現在、iTunesで公開されているiPhoneアプリは1,500以上あって、さらに増え続けている。これらをあれこれ試しているうちに一つのトレンドを見つけたように思う。後発の参入に対して障壁を築ける、いわゆる「ネットワーク効果」を発揮できる域に達しているアプリがほとんどないのだ。

一部のアプリは既存のウェブ・サービスのiPhone版だから安泰だ。GoogleやYelpを始めとして、何百というアプリがこの部類に属し、しっかりした縄張りを作りつつある。

しかし、それ以外のほとんどアプリはしっかりした基盤のあるウェブサイトをバックに持っておらず、単に趣味でやっているのでないかぎり、持続可能なビジネスモデルをiPhoneの上だけで作り出さなければならない。すでに実質的に同一なアプリが何組も目につくようになっている。たとえばチェス・ゲームが2つ((Chess ClassicsとCaissa Chess)あり、価格も全く同じ$9.99だ。映画アプリは少なくとも3つある。(Movies.app、OneTap Movies、Box Office)。その他その他。

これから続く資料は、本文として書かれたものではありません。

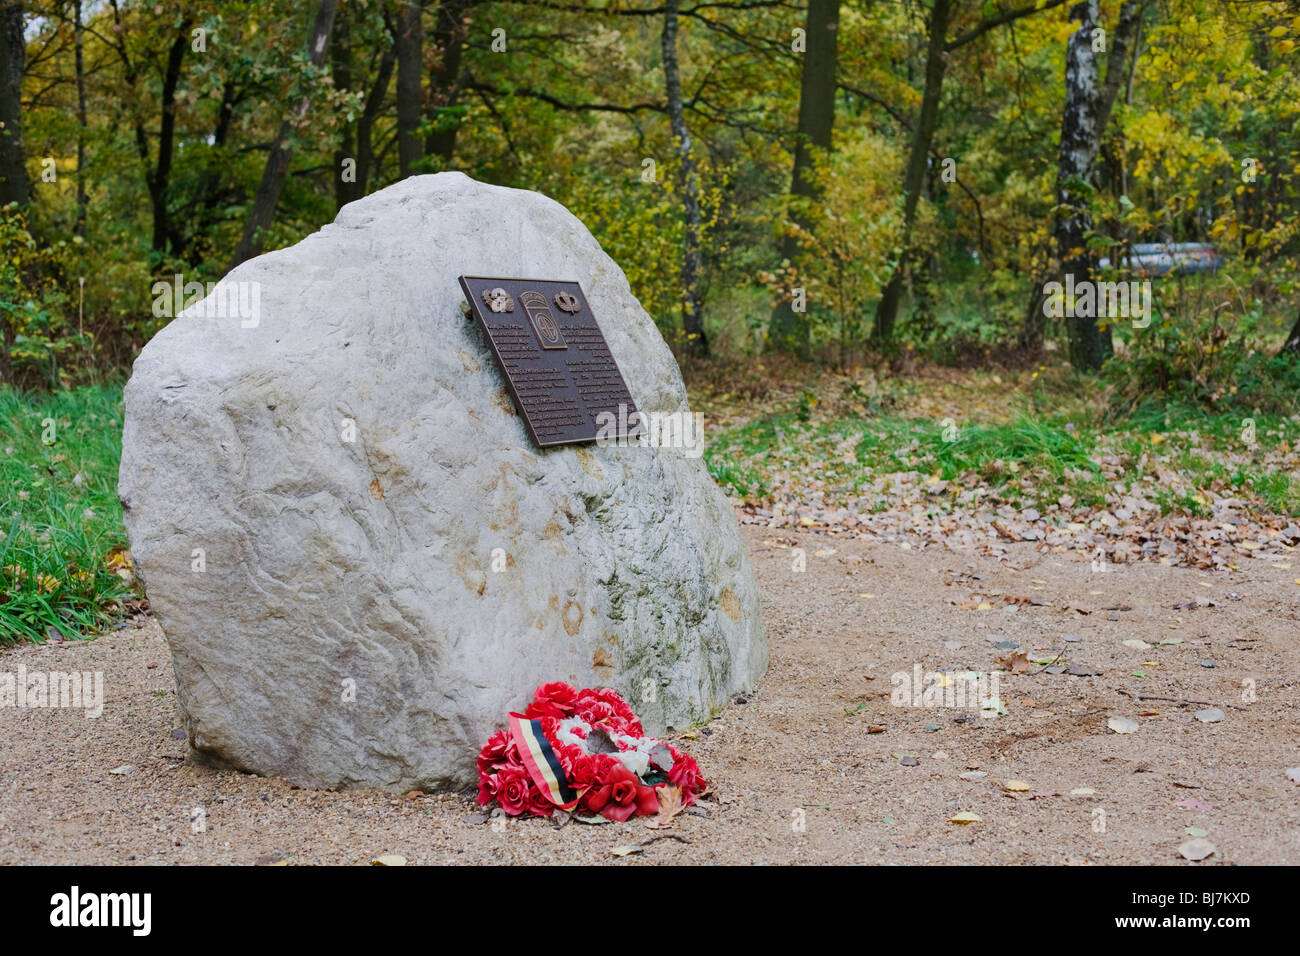 Memorial stone at the memorial to the former concentration camp in Wöbbelin, Mecklenburg-West Pomeraniat, Germany Stock Photo

こういったアプリは基本的な機能が相互にほとんど同一なので、どんな新機能を付け加えようとライバルは簡単に真似することができる。しかもそのジャンルでできの良い無料アプリが登場すれば有料版はおそろしく不利になる。全体としてアプリは無料化の方向に向かって動いているようだ。しかしそれなら、将来、広告その他の手段で金が稼げいでいけるのかというと、それも明らかではない。

「ネットワーク効果」を利用せよ

With非常に有名なブランドを確立しているか、知的所有権による保護を主張できるほど画期的であるか(一部のゲームはこれらの部類に入る)でないかぎり、新しいアプリが長期的な成功を収めるための方法は、ユーザーの相互交流を図ることによって「ネットワークとしての価値」を生む方法を考えていくしかない。

私は以前からiPhoneの場合、ソーシャル・ネットワークづくりきわめて大きな可能性を秘めていると主張してきた。そして大手企業がまだ興味を示さない今こそ、スタートアップにはこのマーケットへの新規参入のドアが大きく開かれているのだ。

しかし、チャンスはこれだけではない。たとえば2つのチェス・アプリを例に考えてみよう。どちらもマルチプレイヤー・ゲームをサポートしていないし、iPhone以外の端末上のプレイヤーと戦う機能もない。その場にいる友達とチェスをすることができる。ただそれだけだ。たとえば、遠く離れたワシントン州に住んでいる私の父のiPhoneにアプリをダウンロードさせて、非リアルタイムで、父とチェスができたらいいと思う。そうしたことを可能にする機能が用意されているのにデベロッパーは手をつけようとしない。もしあるアプリがそうした機能を実装すれば、チェス愛好家はそのアプリに殺到するだろう。そうなれば他のライバルが追いつくのはたいへ難しくなる。同じことがスクラブルその他のゲームについても言える。

私のみるところ、最初にブレークスルーを達成するのは、リアルタイムでも非リアルタイムでもよいから、iPhoneにアプリをダウンロードしてインストールしたユーザー間で自由にプレイできるマルチプレイヤー・ゲームだろうと思う。私はXboxでHaloをどこの誰とも知らぬ相手と長時間プレイした経験があるから、こうしたネットワーク分散型ゲームがソフトウェア、ハードウェアの販売だけでなく、さまざまなタイプの利用料金の売り上げでも大きな効果を持つことを十分によく知っている。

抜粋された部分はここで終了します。